The house on the lake
Although data lakes are a promising storage and analytics solution, they are still relatively new. Accordingly, industry experts are still exploring the potential opportunities and pitfalls that such cloud compute capabilities may have on their storage solutions.
One attempt to overcome the current disadvantages is by combining data lake capabilities with data warehouse organization and cloud computing — dubbed the “data lakehouse” — essentially a data warehouse floating atop a data lake.
Consider that a data lake is just a collection of files in folders: Simple and easy to use, but unable to pull data effectively without a centralized database. Even once data warehouses had developed a way to read open-source file formats, the challenges of ingestion delays, vendor lock-in, and a single source of truth remained.
Data lakehouses, on the other hand, allow enterprises to use a look-alike-database processing engine and semantic layer to query all their data as is, with no excessive transformations and copies, while maintaining the advantages of both methods.
The success of this combined approach to data storage and analytics is already encouraging. Ventana Research VP and research director Matt Aslett predicts that by 2024, more than three-quarters of data lake adopters will be investing in data lakehouse technologies to improve the business value of their accumulated data.
Enterprises can now enjoy the analytical advantages of SQL databases as well as the cheap, flexible storage capabilities of a cloud data lake, while still owning their own data and maintaining separate analytical environments for every domain.
How deep does this lake go?
As data companies increasingly adopt cloud data lakehouses, more and more enterprises will be able to focus on one of the most critical assets of business today — complex analytics on big datasets. Instead of bringing their data into hosting engines, enterprises will actually be bringing high level engines to whatever data they need analyzed.

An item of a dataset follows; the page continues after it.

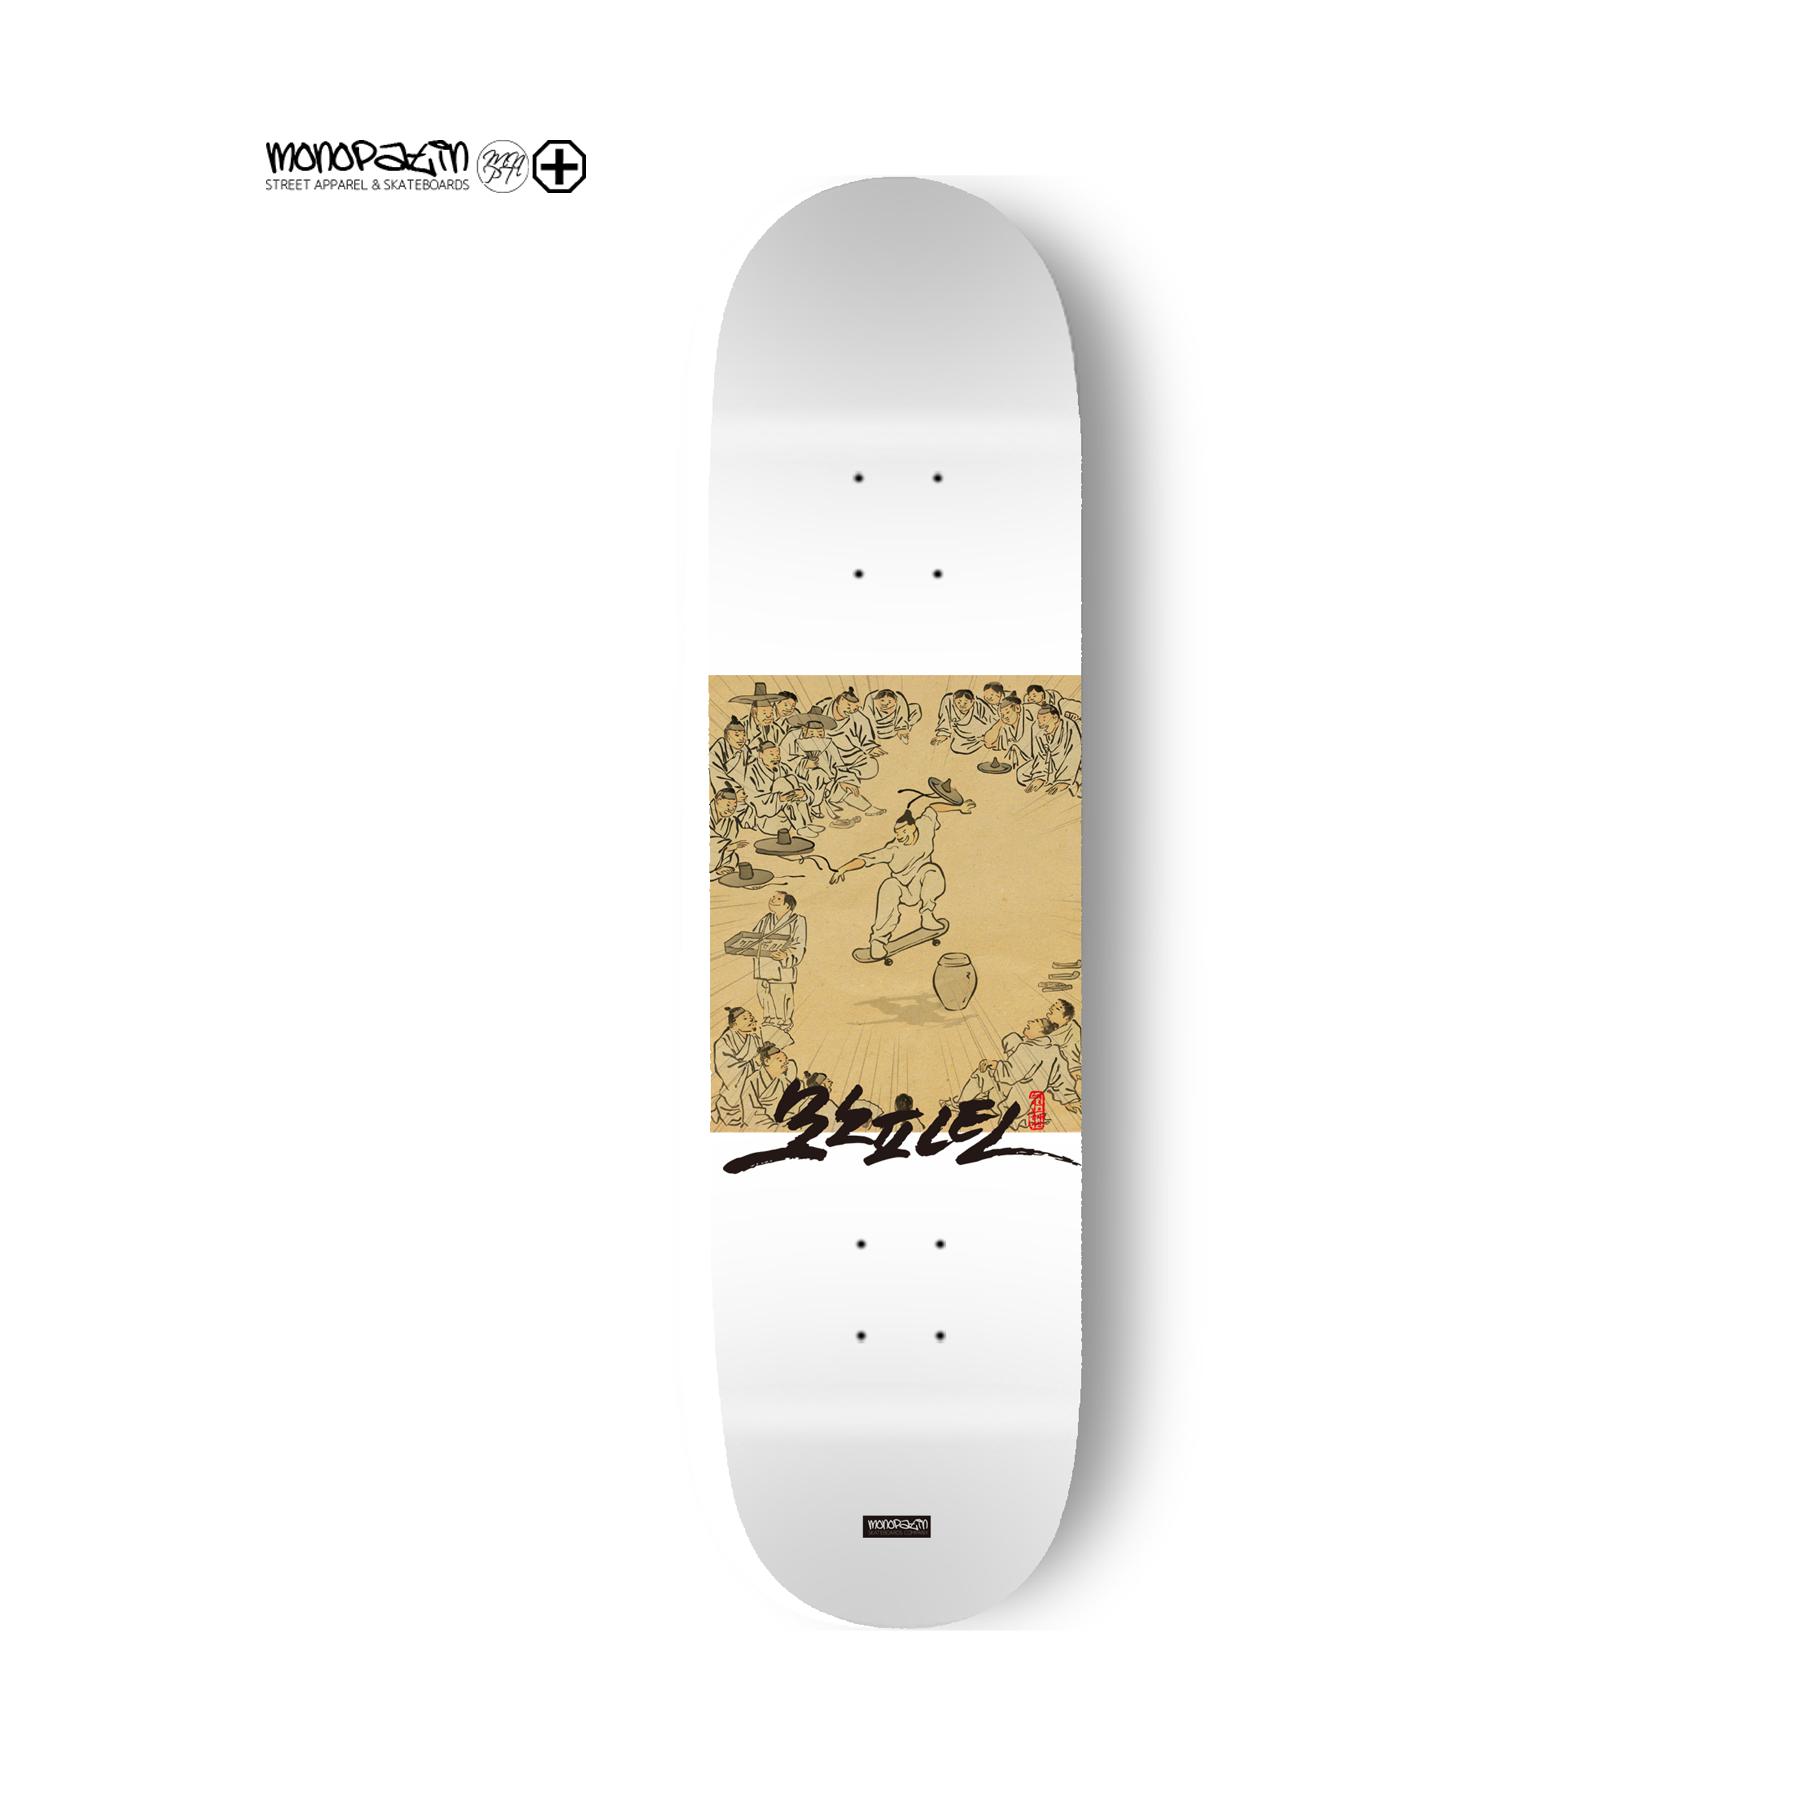 kim hong do - ollie white skateboard deck
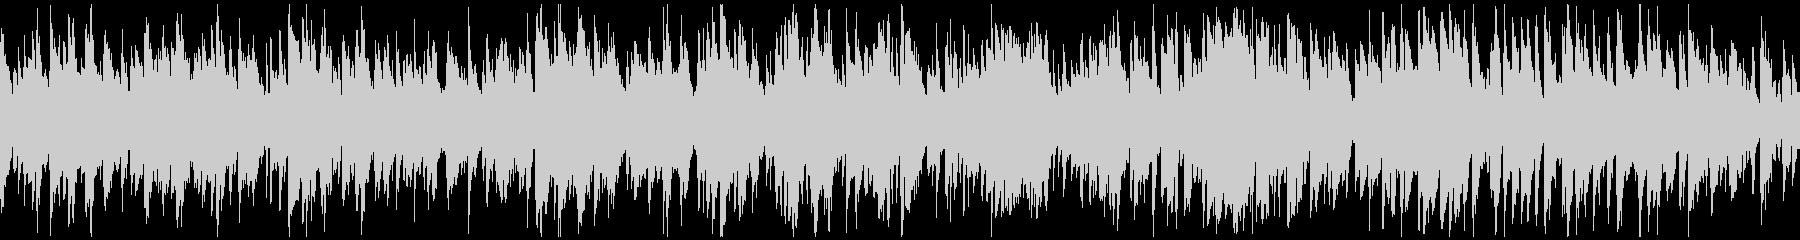 ジャズボサノバ、素敵なサックス※ループ版の未再生の波形

Thanks to the low entry barriers of cloud data lakehouses, where hardware allocation can be achieved in just a few clicks, organizations will have easily accessible data for every conceivable use case.
Data lakehouse vendors will continue to be tested on their ability to deal with bigger datasets without auto-scaling their compute resources to infinity. But even as the technology progresses, the data lakehouse method will remain consistent in its ability to allow data independence and give users the advantages of both data warehouses and data lakes.
The waters of the data lake may seem untested, but it is increasingly apparent that vendors and enterprises that don’t take the plunge won’t fulfill their data potential.
Matan Libis is VP of product at SQream.